I have a largish (32k commits) git repository in which I need to rewrite history in one branch to remove a bunch of large files as described by a .gitattributes file. This branch is entirely local and has never hit a remote (in fact our remote is rejecting it because of the large files in history).

I know that the following command will go through the history of the branch and remove all .dll files:

$ git lfs migrate import --include='*.dll'

but since the .gitattributes file exists and is rather extensive, is there a command that simply replays the work that would have been done to pointer-ize those files, if the .gitattributes file had existed back when the branch was created?

Adam Smith
  • 52,157
  • 12
  • 73
  • 112
  • The use case here is a migration of a mature code base from a CVCS to Git.
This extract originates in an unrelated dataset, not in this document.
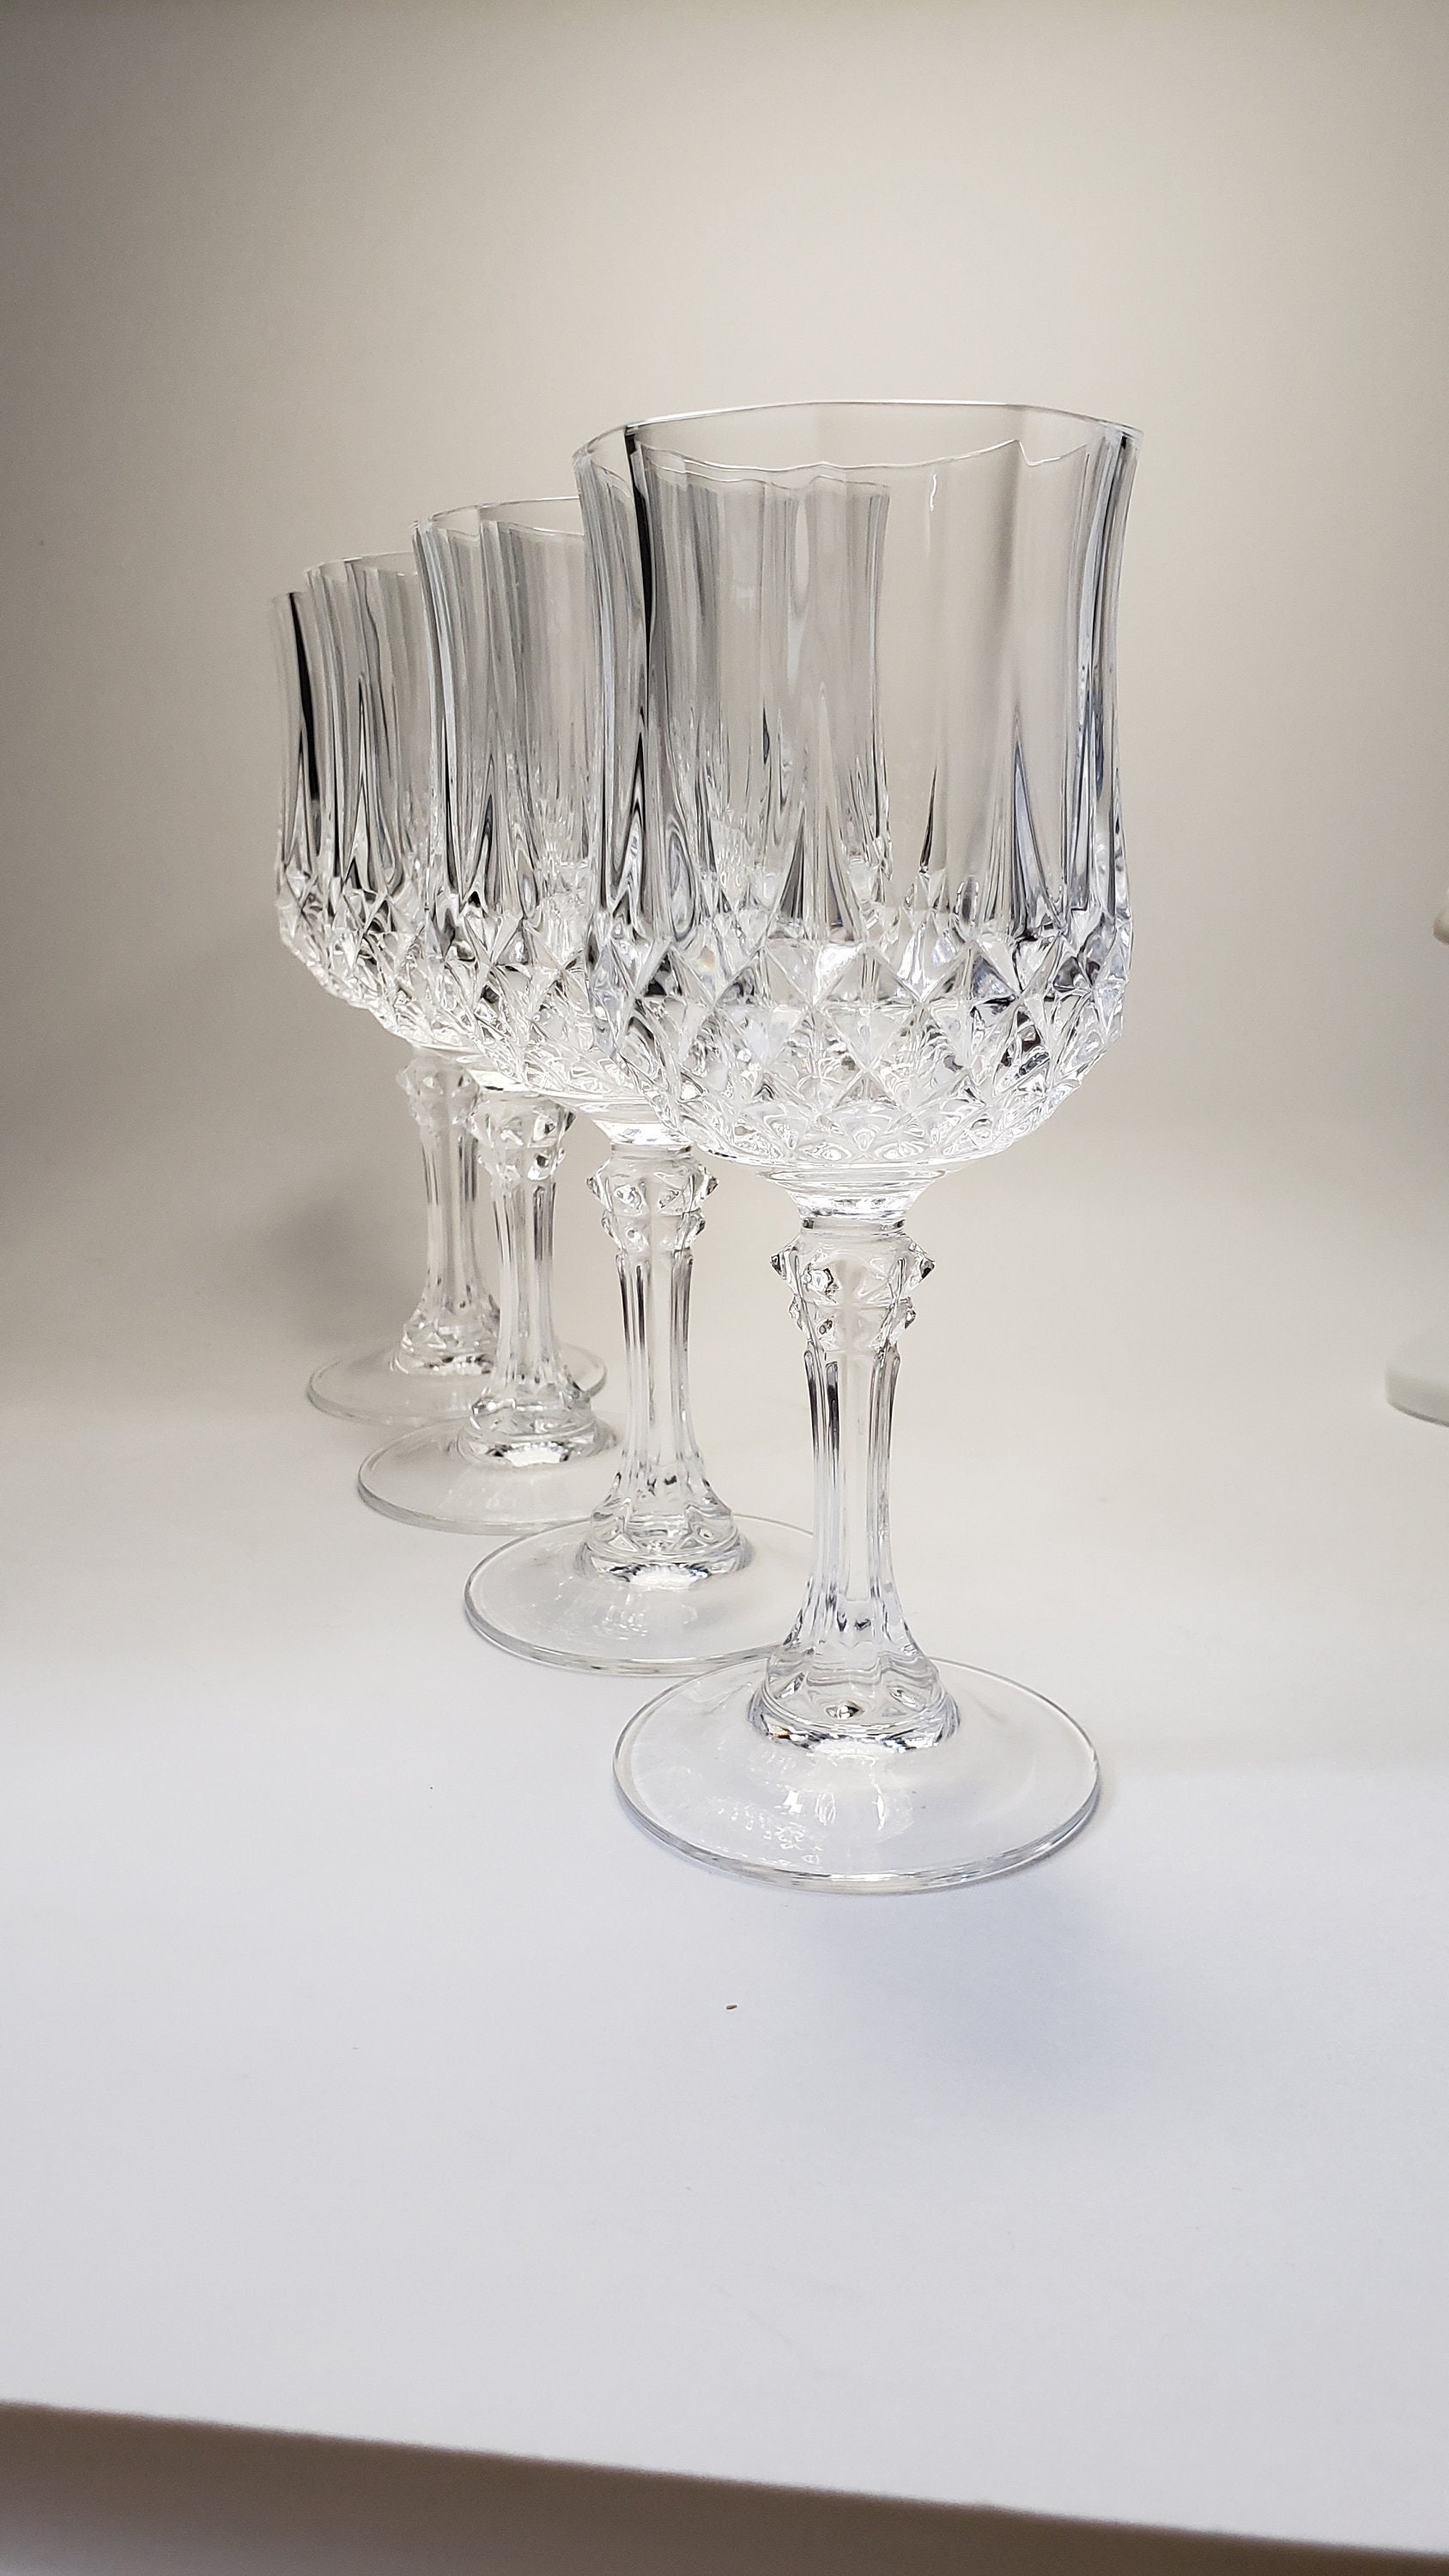 Genuine lead crystal 4 longchamp glasses (wine glasses) by Crystal

We've imported all the commits in history (a process that took ~20hrs) but failed to create a `.gitattributes` before doing so. – Adam Smith Sep 30 '19 at 07:40
  • There's a repo-local `.git/info/attributes` file that applies every time, I don't know whether lfs's `--fixup` honors it but I think it should do that. – jthill Jun 21 '20 at 20:21

1 Answers1

3

I would first insert the correct .gitattributes at the beginning of the branch (using git rebase for example) :

*--*--x--*--*--*--*--* <- master
       \
        *--*--*--*--*--*--a--* <- my/branch
                          ^
                          commit with updated .gitattributes

# with the commits identified as above, from branch my/branch, run :
$ git rebase -i x
   ...
   # in the opened editor, move commit 'a' at the beginning of the list
   # save & close

# you should obtain :
*--*--x--*--*--*--*--* <- master
       \
        a'--*--*--*--*--*--*--* <- my/branch (rewritten)
        ^
      rewritten commit

After that :

You can use git filter-branch --tree-filter to have git replay the commits one after another, and apply the filters described in .gitattributes :

# first arg is the name of a script to execute on each commit
#   you have nothing to edit : just use 'true' as an action
#   the only action you expect is that git applies the filters
#   when re-staging files for each individual commit

git filter-branch --tree-filter true a'..my/branch

You may want to add the --prune-empty option, or you can remove the empty commits after the rewriting, using once again git rebase -i for example.

LeGEC
  • 46,477
  • 5
  • 57
  • 104